[Data items]

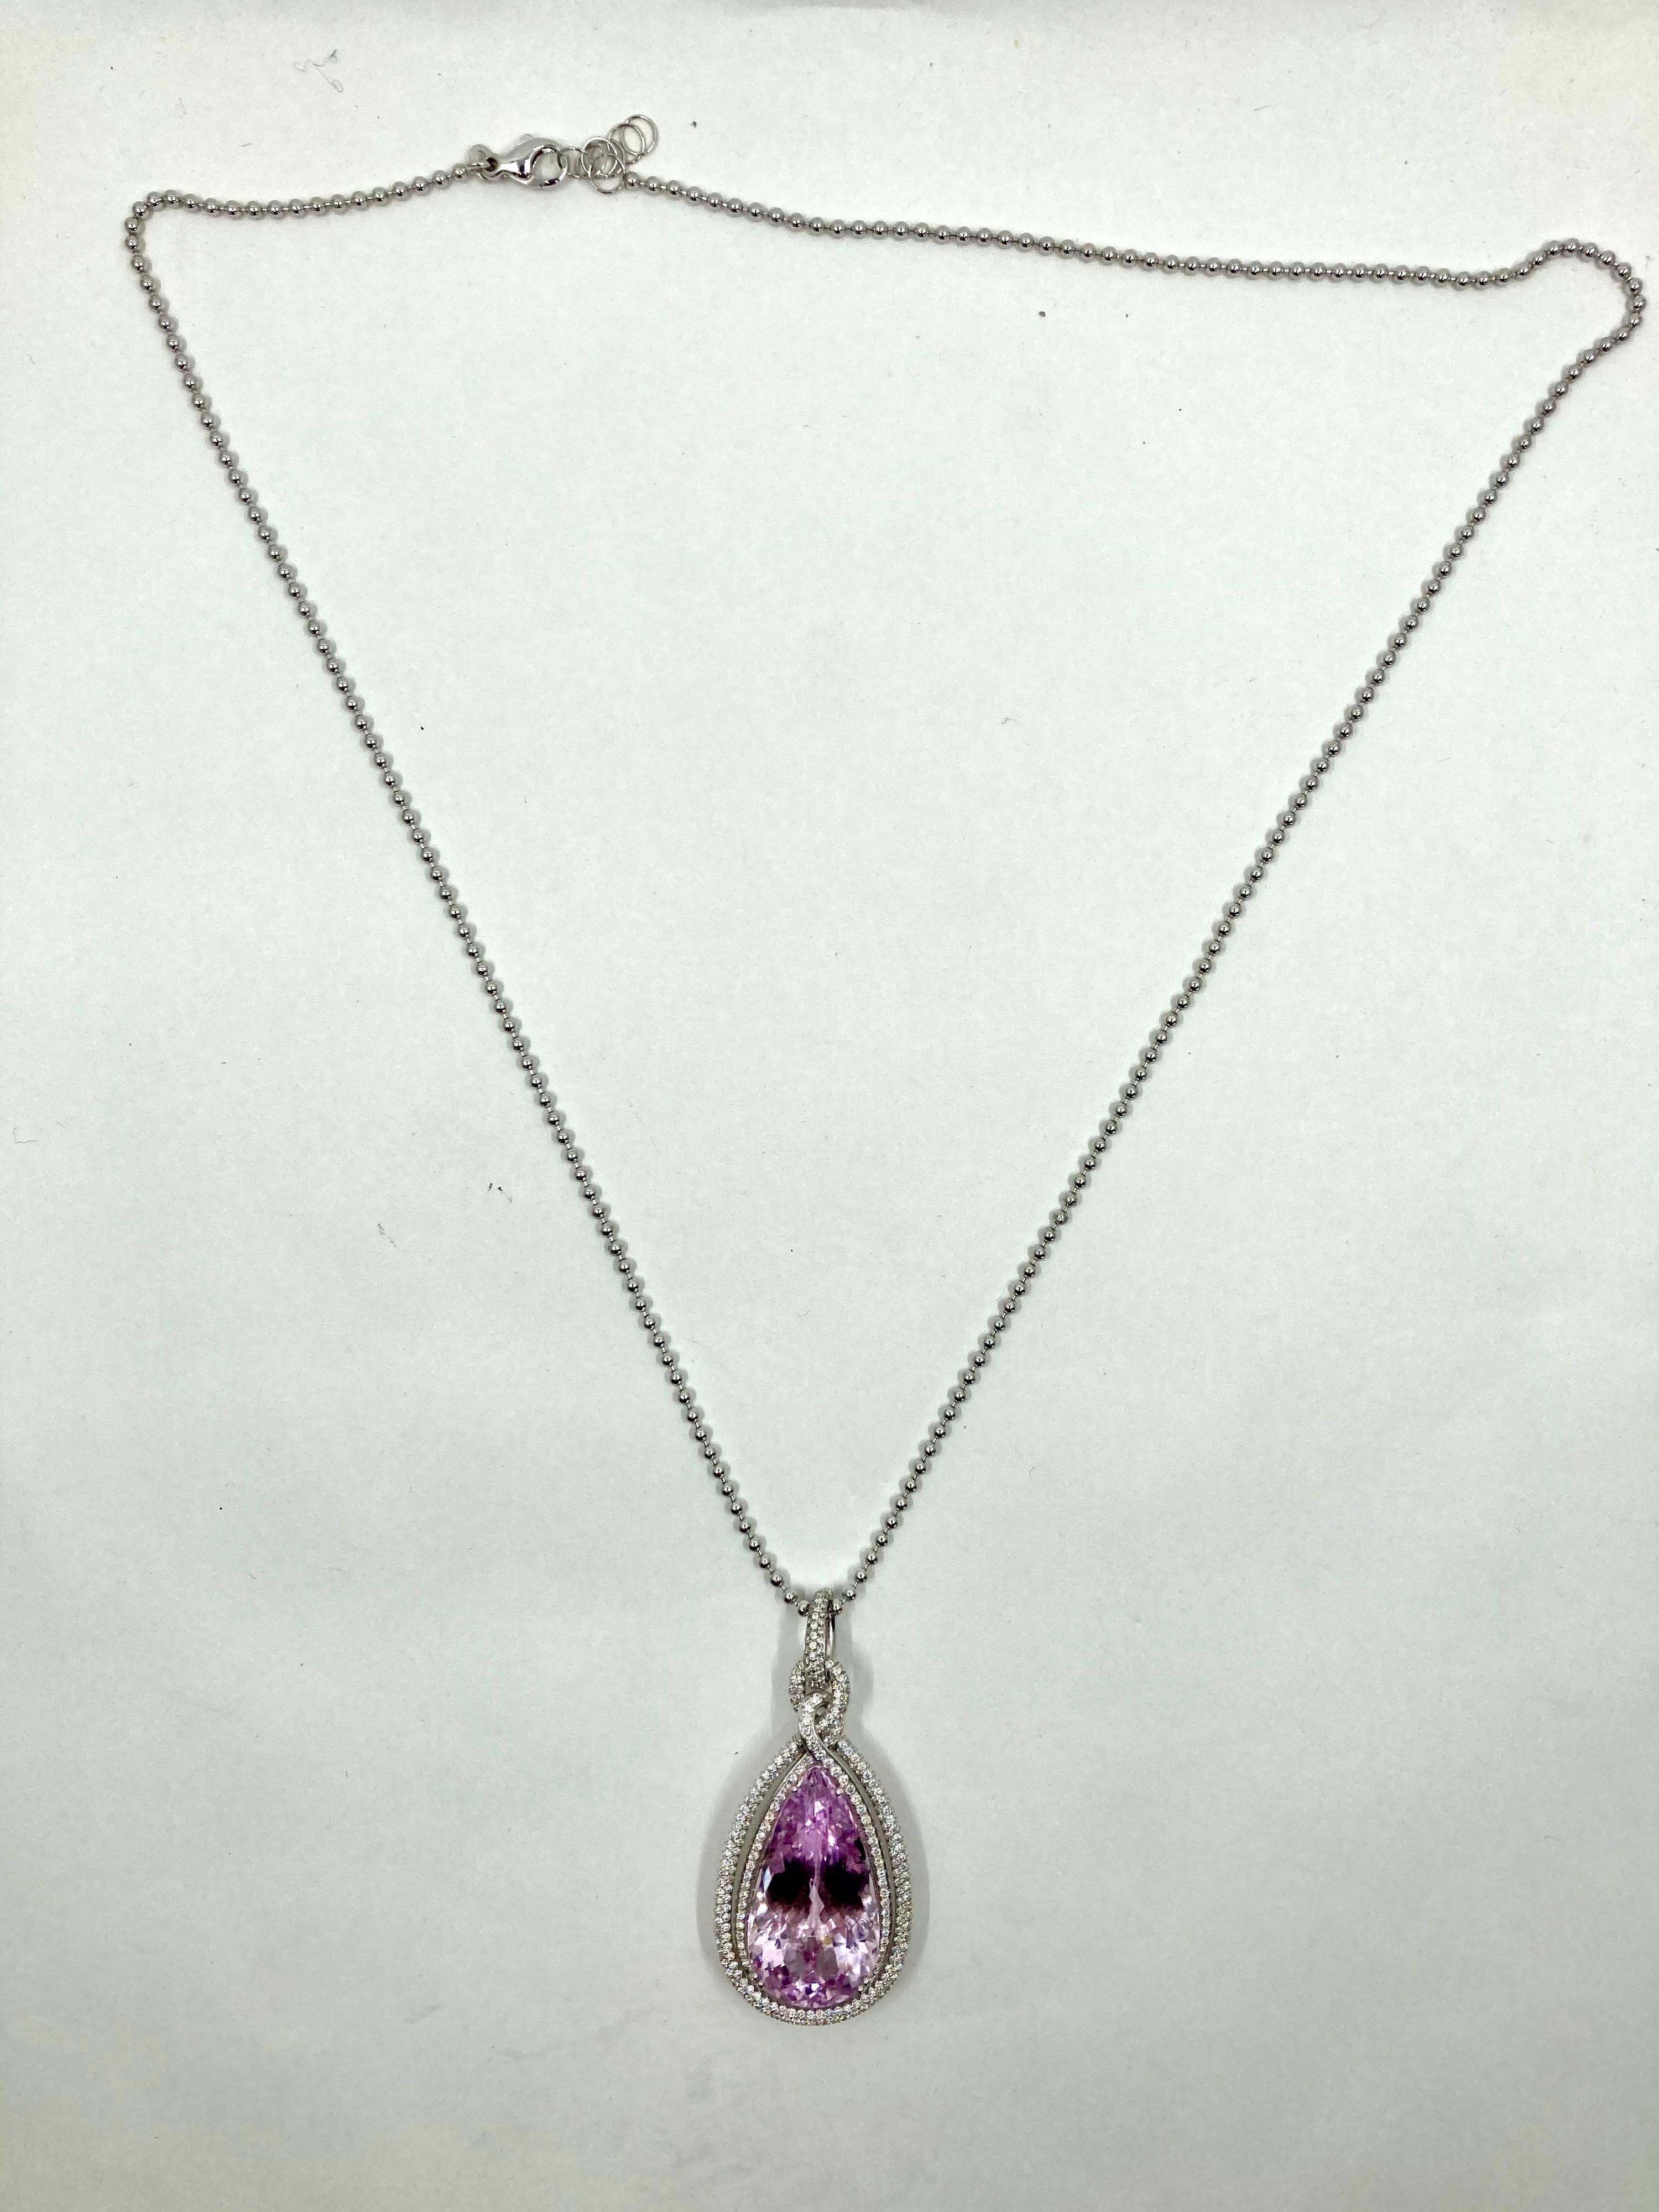 Timeless White Gold Necklace, with Kunzite ct. 46,50 and Diamonds ct. 1.93, Made in Italy by Roberto Casarin

a pear-shaped Kunzite is the main protagonist of this timeless pendant necklace. With its 46,50 Carat, settled in a white gold frame with
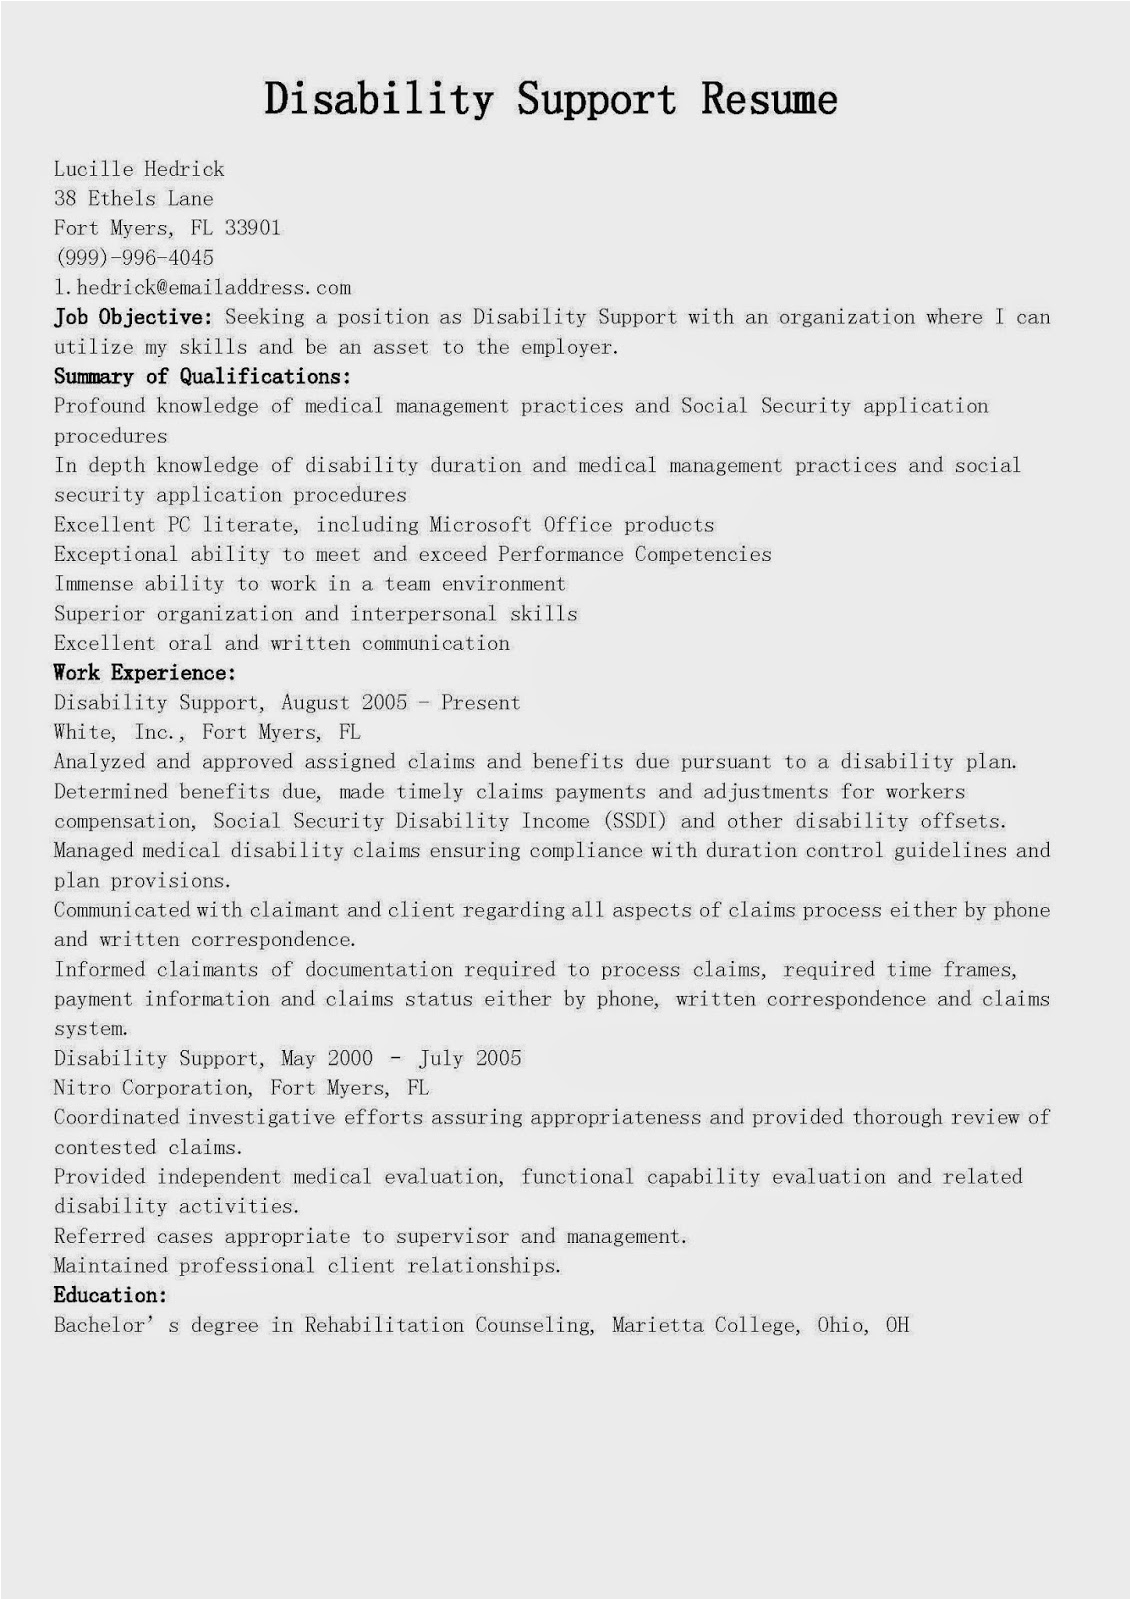 Sample Resume for Working with Developmental Disabilities Resume Samples Disability Support Resume Sample
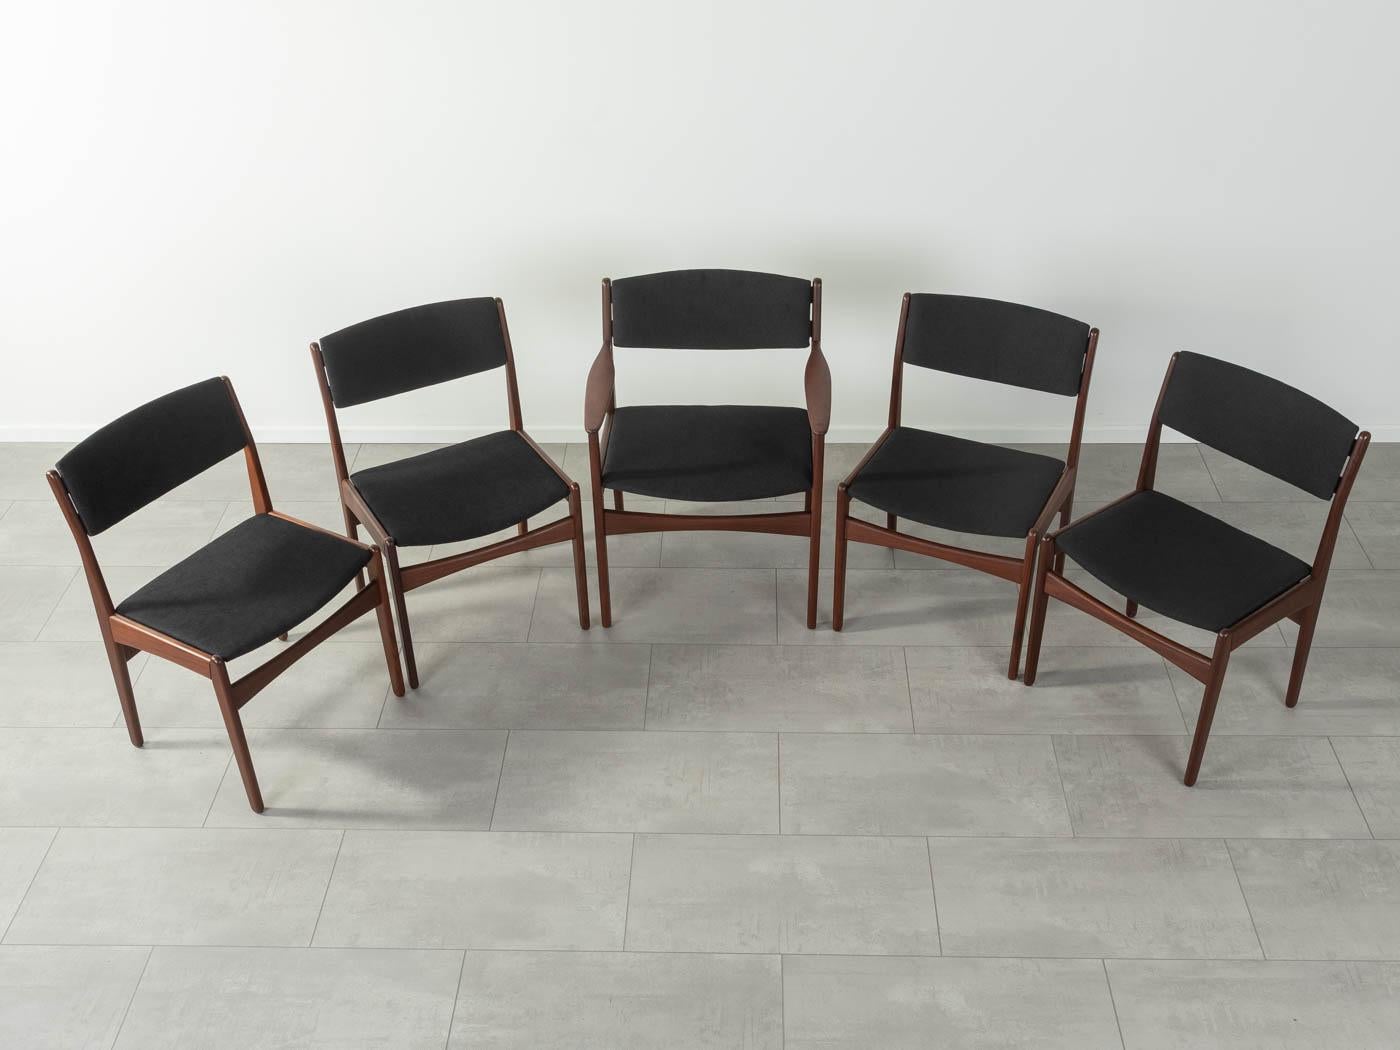 Classic dining chairs from the 1960s by Poul Volther for Frem Røjle. Solid teak frame. The chairs have been reupholstered and covered with a high-quality fabric in charcoal grey. The offer includes 5 chairs.
Quality Features:
accomplished design:

» Exercise brief: Repeat only the lines from the line with "Classic dining chairs" to the end of the entries, including both the first and the last line, and drop every picture.

» Response to this exercise:
 Classic dining chairs from the 1960s by Poul Volther for Frem Røjle. Solid teak frame. The chairs have been reupholstered and covered with a high-quality fabric in charcoal grey. The offer includes 5 chairs.
Quality Features:
accomplished design:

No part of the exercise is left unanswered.